Fictive Appearance is a work composed of a book and a spatial installation. The installation relates to the book, and the book relates to a previous installation.
This unusual collaboration between a graphic designer and a fine artist calls the meaning of the visual into question. The analog and digital, primarily two-dimensional, work of the graphic designer contrasts with the primarily three-dimensional work of the fine artist. In this dialogue, merging their varied approaches, they go through dozens of processes, dealing with multiple dimensions and various media.
The book, exhibited in 2020, was developed by graphic designer Yuto Takamuro and is based on a single photograph of the installation work Fake Appearance (2018) by artist Yotaro Niwa. The book deals with a collection of image fragments, which are enlarged to up to ten thousand times their original size. As the photograph is continuously subdivided, its original message is lost: what remains is pure image, free of subtext, and goes far beyond the original intention of the artist.
Through the special design of the page layout and the unique type of bookbinding, multiple layers in various combinations can be viewed simultaneously. The book is an instrument in which visual images are reconstructed. The collection of fragments of all the extended and mass-produced images leaves the purest visual reality to the viewer, differing with how each book is viewed.
Taking inspiration from the book, the new spatial installation of Yotaro Niwa also leads the visitors back to experiencing the physical space. One medium used to construct the installation is the book contents itself. Large format prints and small snippets are combined with some of the same and similar objects as those used in Fake Appearance. In order to connect the many individual pieces with one another, materials with various plastic properties have been used, such as plaster, cement and lamination film.

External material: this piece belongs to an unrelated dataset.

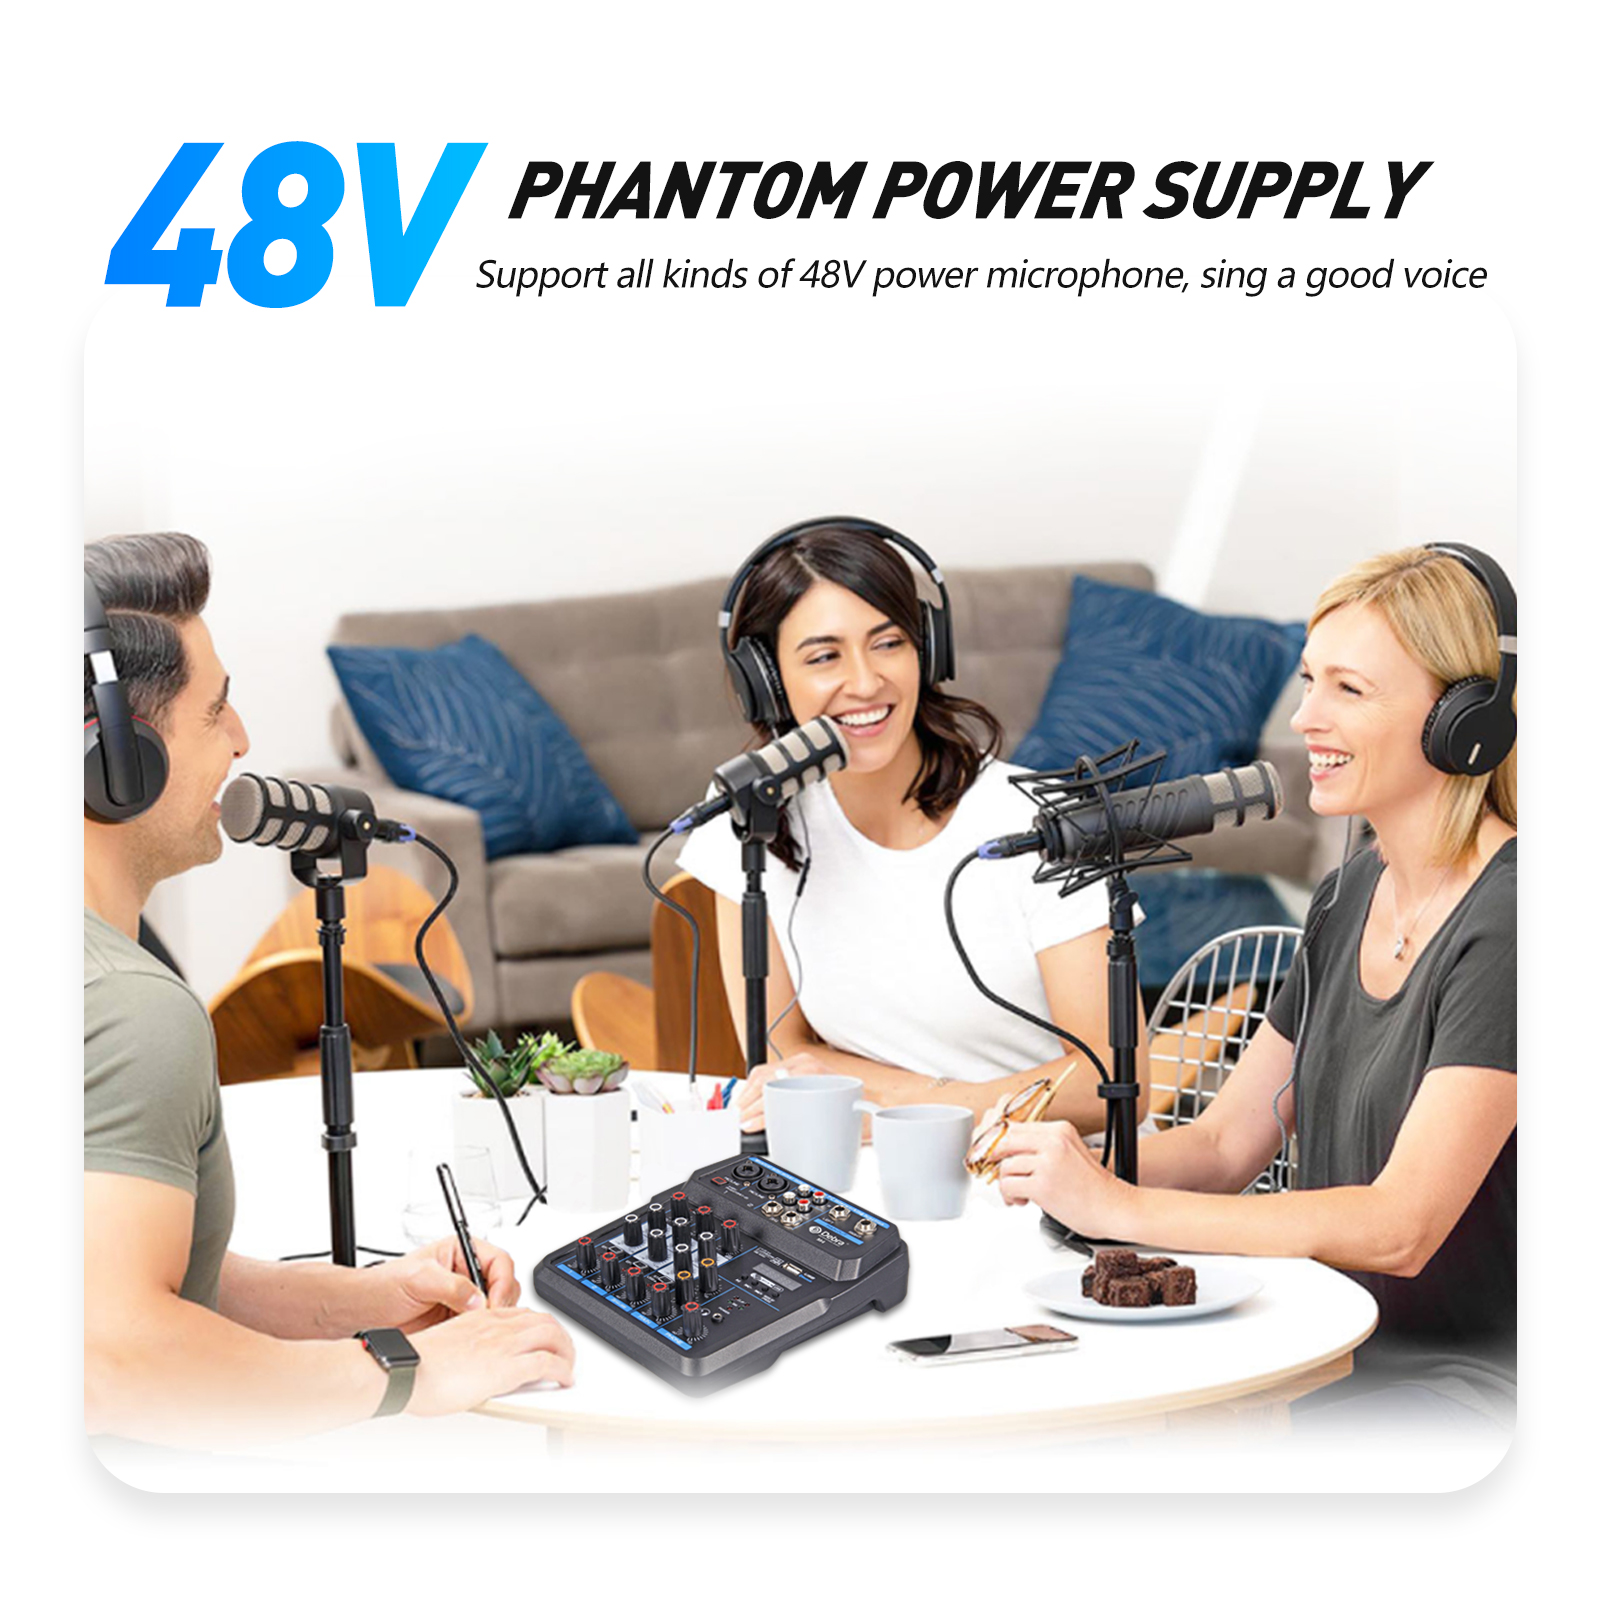 Provide 48V power supply

The installation Fake Appearance, on which the book was based, was created in Taipei in 2018. Its subject matter was a complex bricolage, a search for analogies between different visual languages from the fields of natural science and fashion, and included objects from nature and plastic materials that the artist had found on site. The images are examples of visual impressions from everyday urban life and reflect human perception: something that is both extended and limited by modern technology and media.
Fictive Appearance leads the viewer’s perception in an undefined direction – an aim that is nevertheless impossible to achieve. Perception is individual and can neither be deliberately guided nor comprehended. What is left behind by the dialogues between the graphic designer and the fine artist? What do we actually see?